Robots vs humans and the rise of the network individual
The public sector needs to embrace a key change: commit to designing services with citizens and the way in which they live their lives today.
Marshall McLuhan is attributed with saying that ‘we shape our tools and thereafter our tools shape us’. Never has this been truer than in a digital age where the potential diffusion effect of technology can drive rapid and viral shifts in behaviour. Amazon has transformed retail, Facebook has destroyed the traditional media model and the banks are slowly but surely training us to do their job for them.
But change like this is not sweeping through the public sector. Why not?
Public services may be teetering on the edge of major change without knowing which way to fall, but how many times can we claim that business as usual is not sustainable and then continue to do what we have always done?
Gazing down the barrel of austerity it’s easy to end up focusing solely on financial sustainability – with the hope that you can achieve this with minimal harm.
In a commercial world, designing for something new is less of a challenge. Consumers change behaviour and businesses follow those – or in the case of rare businesses like Apple (with a visionary leader) – shape them. There is no responsibility to look after customers who don't want to shift with the businesses as long as new customers are replacing them. The private sector will 'pivot' – change strategic direction towards new opportunities – when the evidence shows them that their commercial success depends on it. The larger the business, the more difficult this is, but the commercial imperative provides great impetus to this change.
But there is one pivot which is obvious and which public services can and should embrace right now – commit to designing services with citizens and the way in which they live their lives today.
The age of the networked individual
We have talked about redesigning services around the citizen from the point of view of austerity, but few people have taken the plunge. User-centred design is starting to come to the fore – GDS has been prominent in championing this approach, and the recent Wachter report on 'making IT work' for health cited user-centred design as one of the key recommendations.
And it does save money - Southampton City Council is currently in the middle of a large-scale digital programme that is on track to deliver significant savings.
But designing around the citizen is not enough. We need to design for the citizen to empower them if we want to shift the dial around the demand management and behaviour changes needed to make public services sustainable and relevant in the 21st century. It's the right thing to do not just because it saves money, but it reflects how the 21st century networked citizen wants to live their lives.
In the background, at least as far as technologists are concerned, the discussion in many fields has been converging on the idea of redesigning public services around the citizen in different ways.
Social care has been developing views on strength-based practice, community development teams are embracing asset-based working and the shift to considering the co-production of health with patients has become mainstream. User-centred design can accelerate all and any of these methods.
The missing component to this citizen-centric approach is participation – and, as Brexit and recent events have shown us, it is also the need to show people that the changes that they are seeing in society are inclusive and relevant to them. Questions of digital divide are acute, but we have to move past the idea that digital exclusion is a matter of access – it is even more essential that we provide digital literacy and not just well trained customers who can fill out forms.
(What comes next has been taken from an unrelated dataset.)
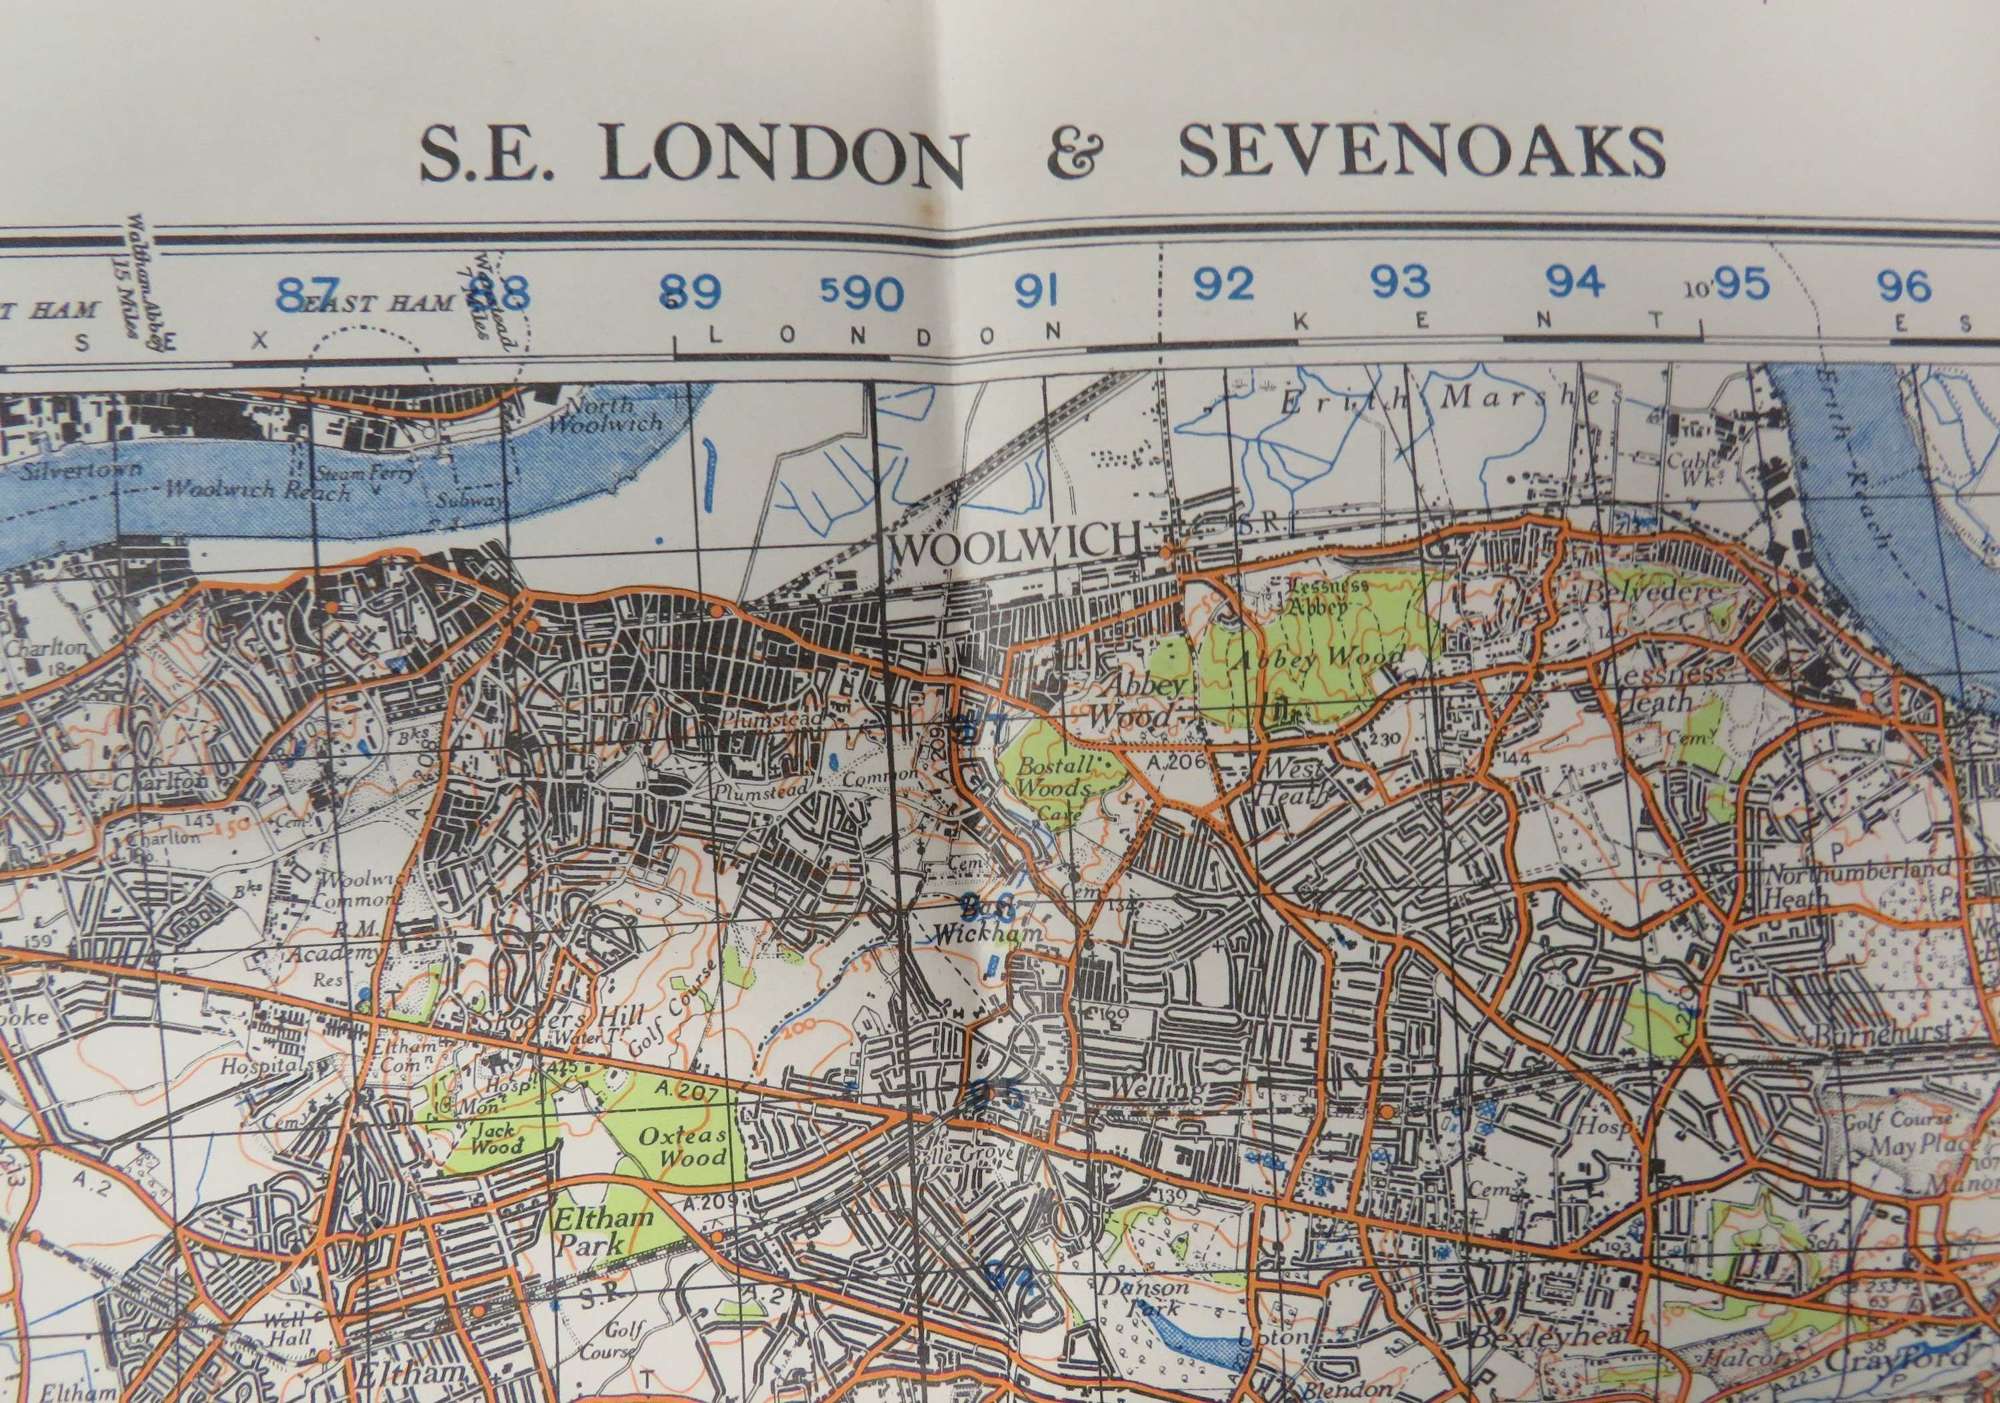 WW2 British Military Map of S.E London and Sevenoaks

It is not a coincidence that we are seeing convergence of methods in different fields towards person-centred thinking – the 21st century is going to be the age of the networked individual.
Arguably health and social care integration will be the first domain where this adoption of citizen centred thinking can and should be fully embraced. The creation of new platforms such as ChooseCare, an online portal developed in partnership with a local authority, providers and people who use care services is a great example. The platform puts people who need care in control of the services they use and clearly demonstrates what can be done if we design from the point of view of the citizen and connect this back to the organisation. 21st century tools are designed to empower the individual.
Humans vs robots
But where do the robots come into all of this? We are about to see the rippling effects of automation tools and technology shifting to mainstream adoption and this will present us, as technologists, with some choices about what we want to automate and what we want to preserve as human interaction and activity. Adopting a citizen-centred approach across multiple disciplines will help shape and inform these decisions, as well as get us better prepared for the next wave of disruptive change which will continue to amplify the centrality of the networked individual.
With any pivot, the question is, ‘who will invest in the disruption that will bring these ideas to life?’. We are already investing in citizen-centred approaches – we are just choosing to do it in a scattergun way in different parts of the organisation and in different disciplines. If we want to accelerate change, how about joining these together?